Various Artists – Wild in the Streets Original Motion Picture Soundtrack (1968)

In 1968 “The Shape of Things to Come” was released on Capitol Records credited to the group Max Frost and the Troopers. A fictional band featured in the American International Pictures film “Wild in the Streets,” the group was portrayed in the movie by Richard Pryor, Diane Varsi, Larry Bishop and Christopher Jones as their hedonistic lead singer Max Frost.

The 1960’s rock anthem “The Shape of Things to Come,” has been on my mind an awful lot lately.  I’ve been listening and relistening to it being performed by various different artists for a few months now and pulling apart and thinking a lot about the lyrics.  A song about political revolution and the widening of the generation gap, it could just be one of the most timeless rock n’ roll songs ever recorded. Written in 1968 by the esteemed song writing team of Barry Mann and Cynthia Well, who wrote such hits as “You’ve Lost That Lovin’ Feeling,” “We Gotta Get Out of This Place,” and “Make Your Own King of Music,” “The Shape of Things to Come” was written with the social unrest of the mid-1960’s as the backdrop of the song, but managed to capture the continuous anxiety and chaos of society as it continues to grow and evolve from generation to generation.  As a result, the song is still applicable now as much as when it first came out.  The new ideas and voices of the youth will always want to be heard, the resistance to change by the patriarchy who find these new ideas alien or unwanted will continue to resist.  The cycle of the struggle between young and old continues through time, but ultimately, nothing can change the shape of things to come.
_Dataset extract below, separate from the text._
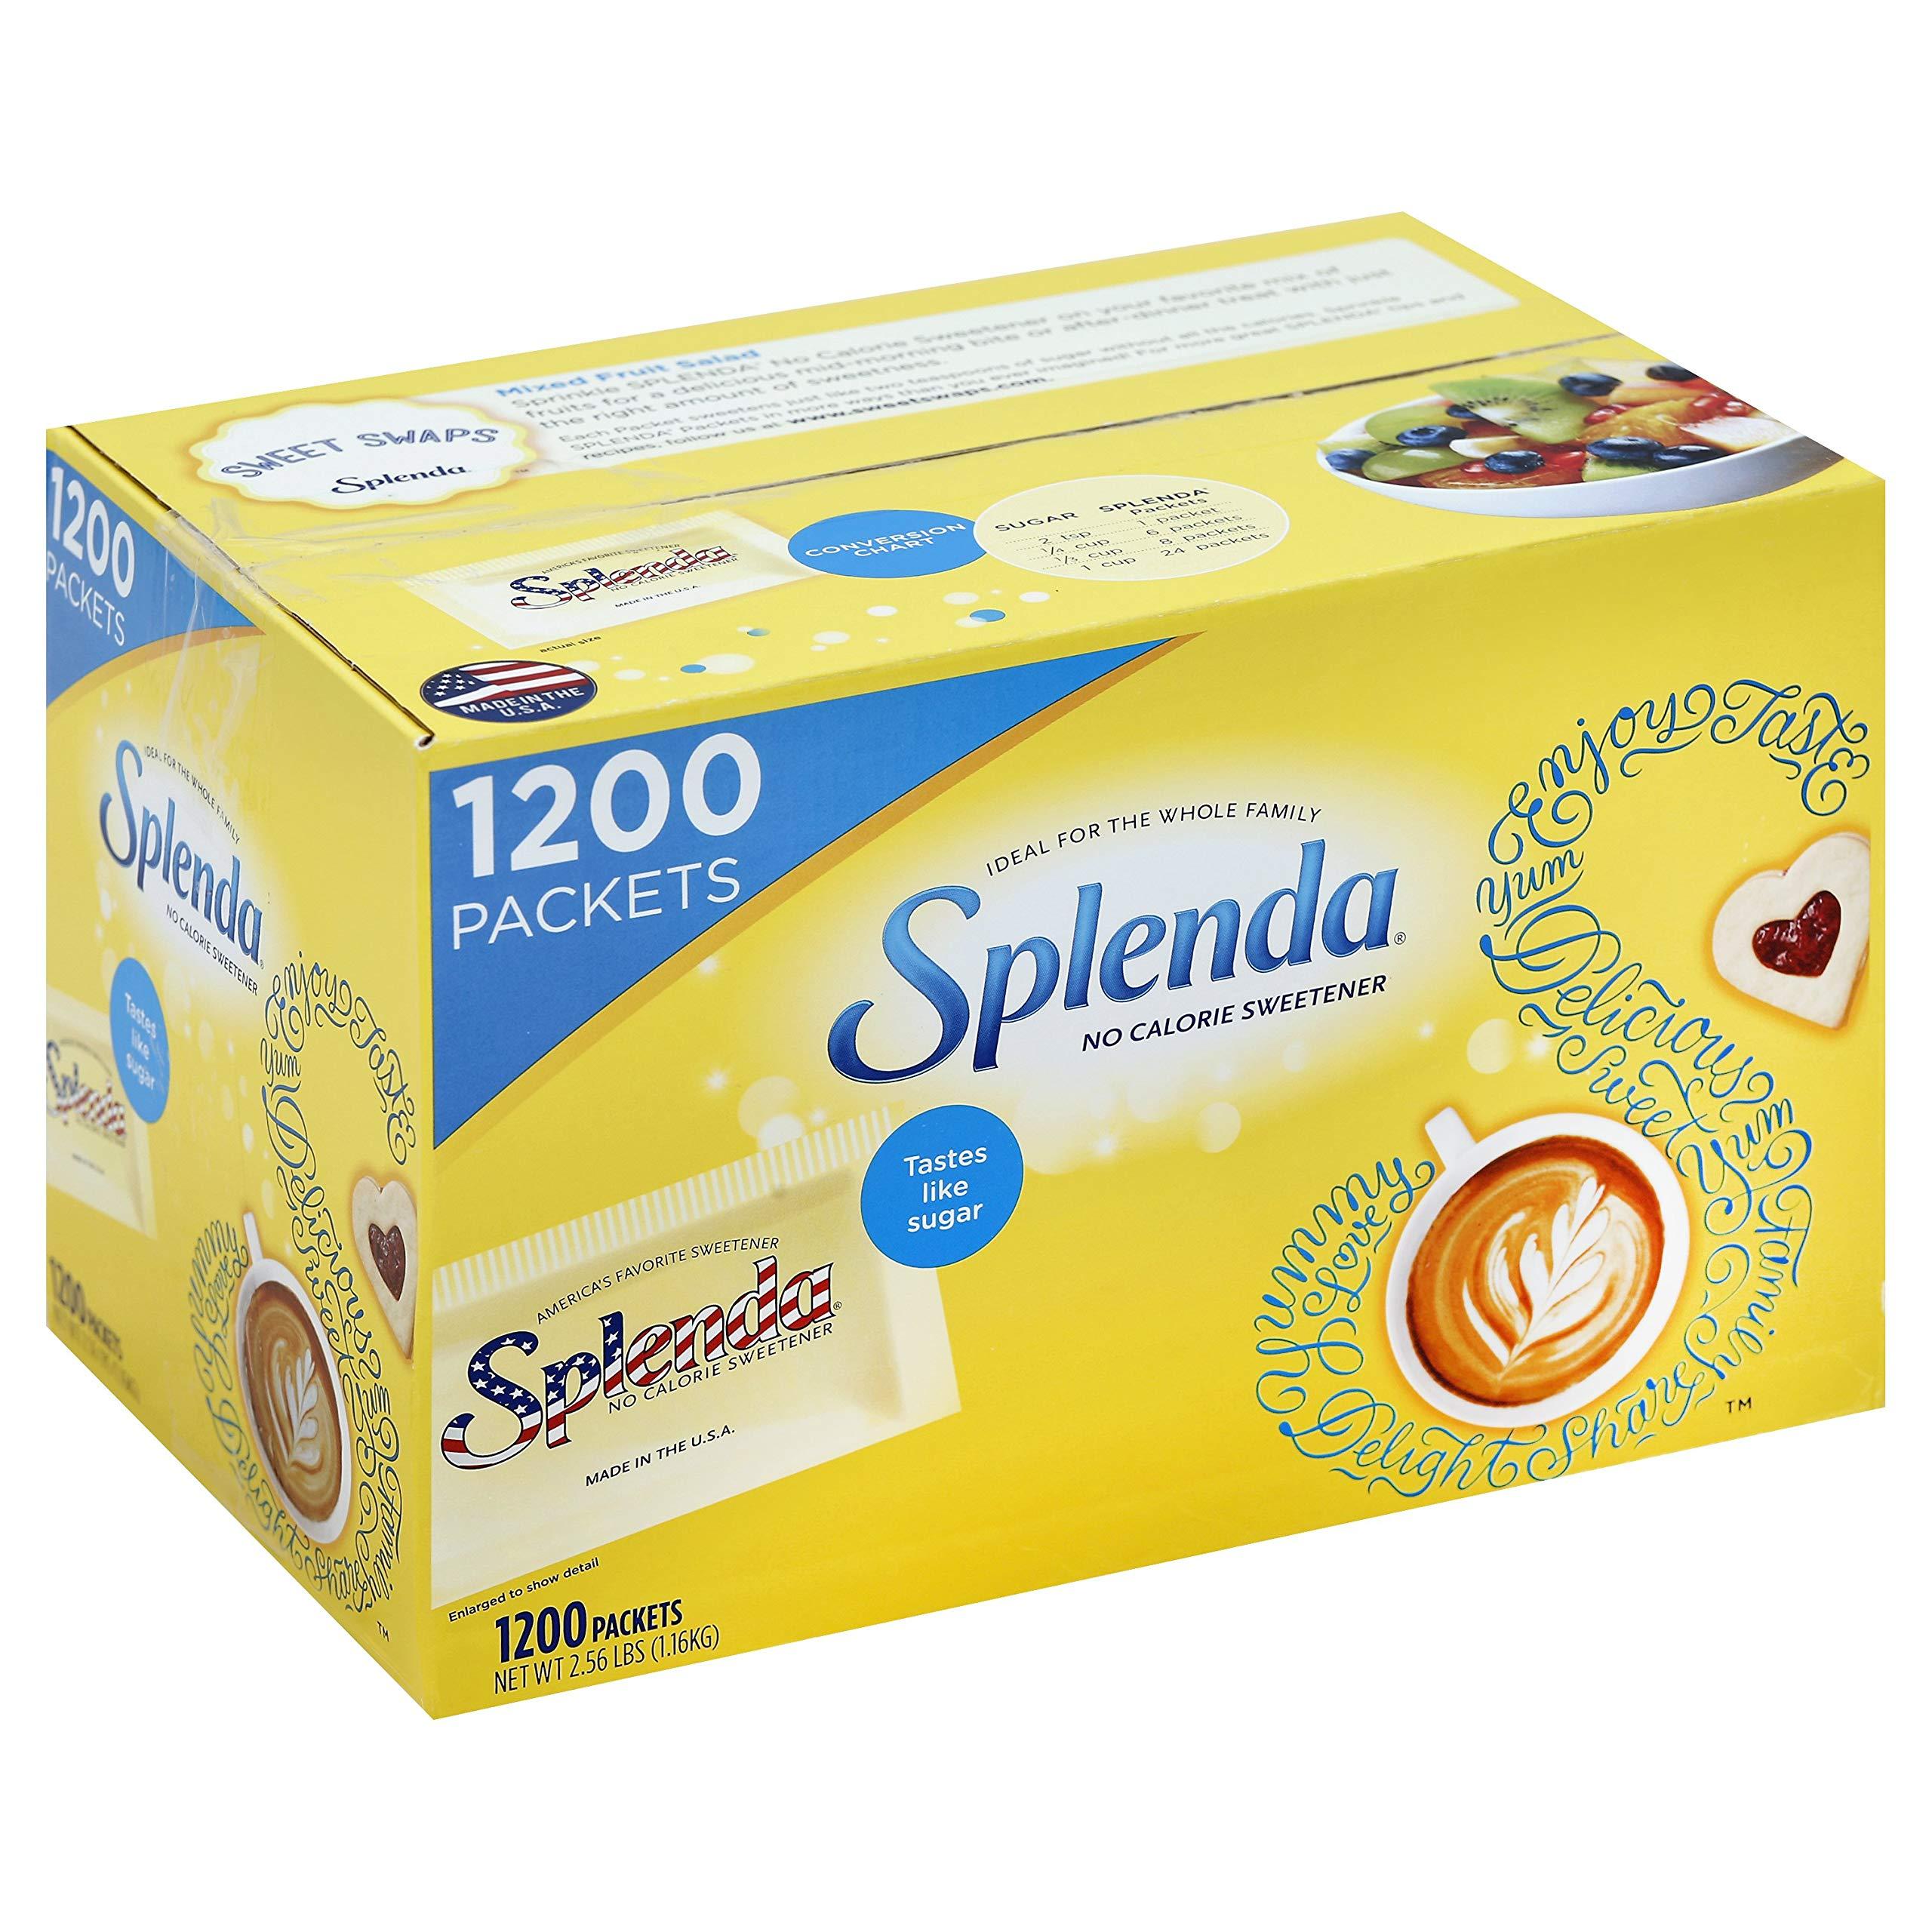 SPLENDA No Calorie Sweetener, Single-Serve Packets (1,200 Count) by Splenda

Just chew on these lyrics.  They are deeply profound and prophetic:

There’s a new sun.

Risin’ up angry in the sky

And there’s a new voice,

Sayin’ “We’re not afraid to die.”

Let the old world make believe

It’s blind and deaf and dumb,

But nothing can change the shape of things to come.

There are changes,

Lyin’ ahead in every road.

And there are new thoughts,

Ready and waiting to explode.

When tomorrow is today

The bells may toll for some.

But nothing can change the shape of things to come.

The future’s coming in now,

Sweet and strong

Ain’t no one gonna hold it back for long.

There are new dreams,

Crowdin’ out old realities.

There’s revolution,

Sweepin’ in like a fresh new breeze/

Let the old world make believe

It’s blind and deaf and dumb.

But nothing can change the shape of things,

Nothing can change the shape of things,

Nothing can change the shape of things to come.

I don’t care what generation you are from, but that’s some pretty heavy stuff there.

“Wild in the Streets” (1968) was based on a short story called “The Day It All Happened, Baby!” by Robert Thim, and directed by Barry Shears for American International Pictures.

A garage rock staple, “The Shape of Things to Come” has been a perennial favorite of music hipsters for decades, but its origins come from the controversial exploitation film “Wild in the Streets,” and its production and Its original production has been a subject of both debate and confusion. 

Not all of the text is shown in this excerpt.